Девочка нехотя вышла из комнаты. Степан посидел еще немного и собрался уходить.
— Посиди, посиди, сейчас кто-нибудь из них появится, пошлю за бутылкой, опрокинем по рюмочке, — говорил сапожник, стараясь удержать Степана. — Или погоди, сбегаю сам, эдак, пожалуй, скорее будет!
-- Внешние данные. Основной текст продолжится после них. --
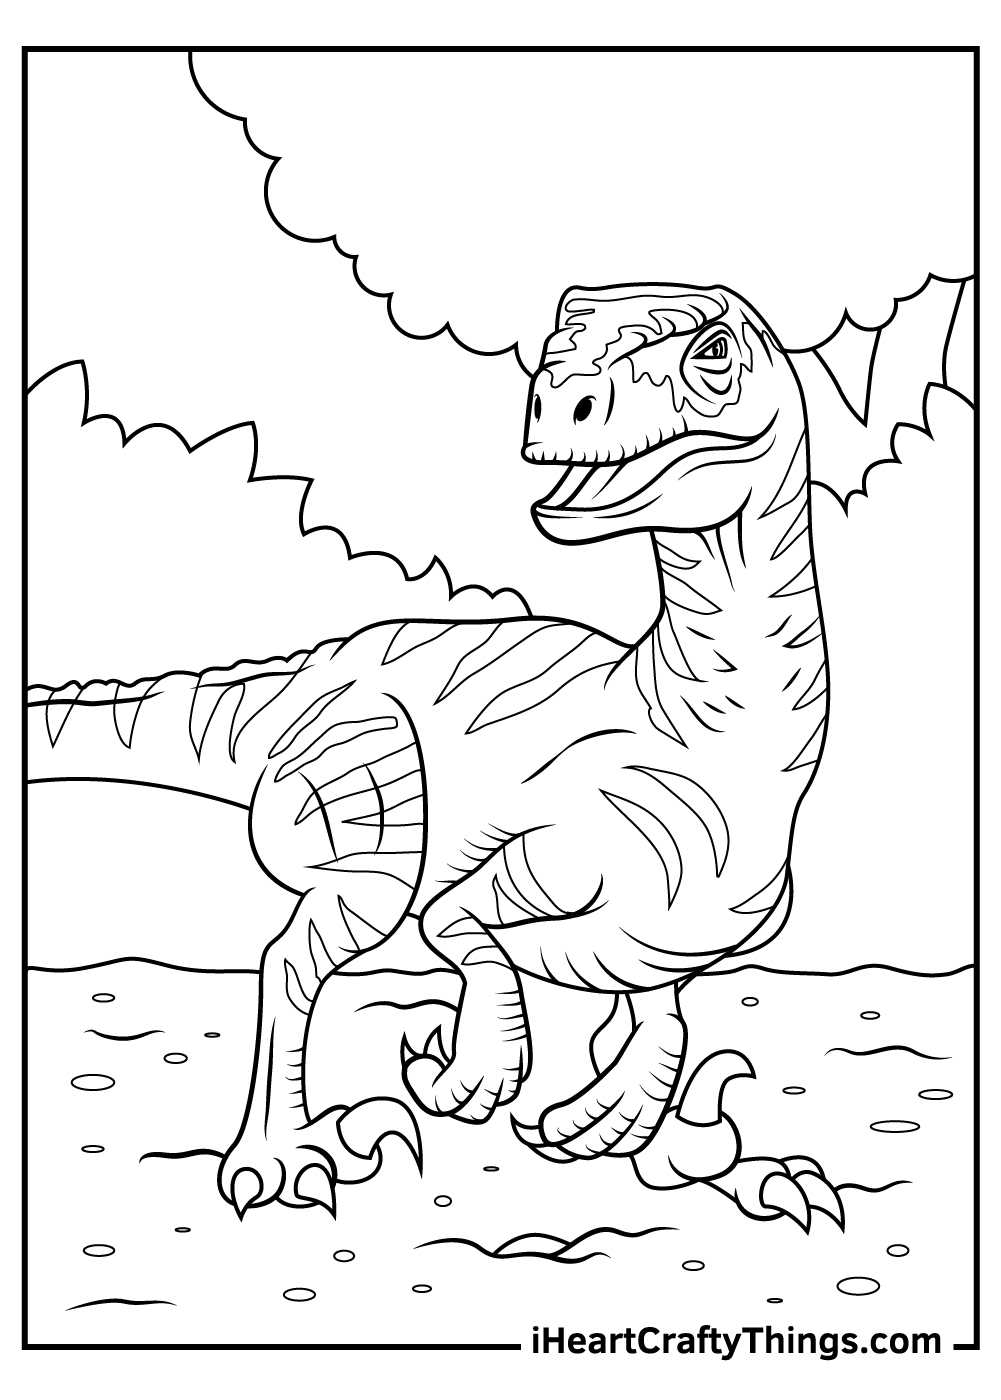 Printable Jurassic Park Coloring Pages Updated 2021

— Никуда не ходите, — остановил его Степан. — Я же не пью, к тому же мне некогда.
Во дворе он увидел Анку, стоящую у стены.
— Зачем вы дали ему деньги? — сказала она сквозь слезы. — Он теперь их все пропьет... Надо было отдать маме. Все отдают маме...
Степан этого не знал.
— Что же теперь делать? — сказал он растерянно. Ему было очень жалко девочку, и виноватым он себя чувствовал.
— Теперь ничего не сделаешь. Пока не пропьет все, работать не будет... И по грязным щекам девочки опять побежали слезы.
Степан вовсе растерялся и поплелся к дому Ковалинских, который теперь был и его домом. Впервые так остро осознал он, что, желая добра, причинил людям горе. Почему так? Разве он хотел горя для семьи милой тети Груни? Как теперь он взглянет ей в глаза?..
Он сел на лавочке у ворот. Из головы у него никак не шло это недоумение. И чувство вины все сильней угнетало его. Наверное, Анка все еще стоит у стены и плачет — худая, в сарафане с чужого плеча, в драной большой кофте... Может быть, пойти и отобрать трешницу у сапожника?..
Но тут дверь хлопнула, и на крыльцо вышел Яшка со своим деревянным сундучком. Его красивое чернявое лицо чем-то было сейчас похоже на лицо плачущей Анки. Конечно, Яшка не плакал, он даже пытался улыбаться.
— Ты чего? — спросил Степан.
— Прогнали, — сказал он как-то враз сломившимся голосом.
— Куда?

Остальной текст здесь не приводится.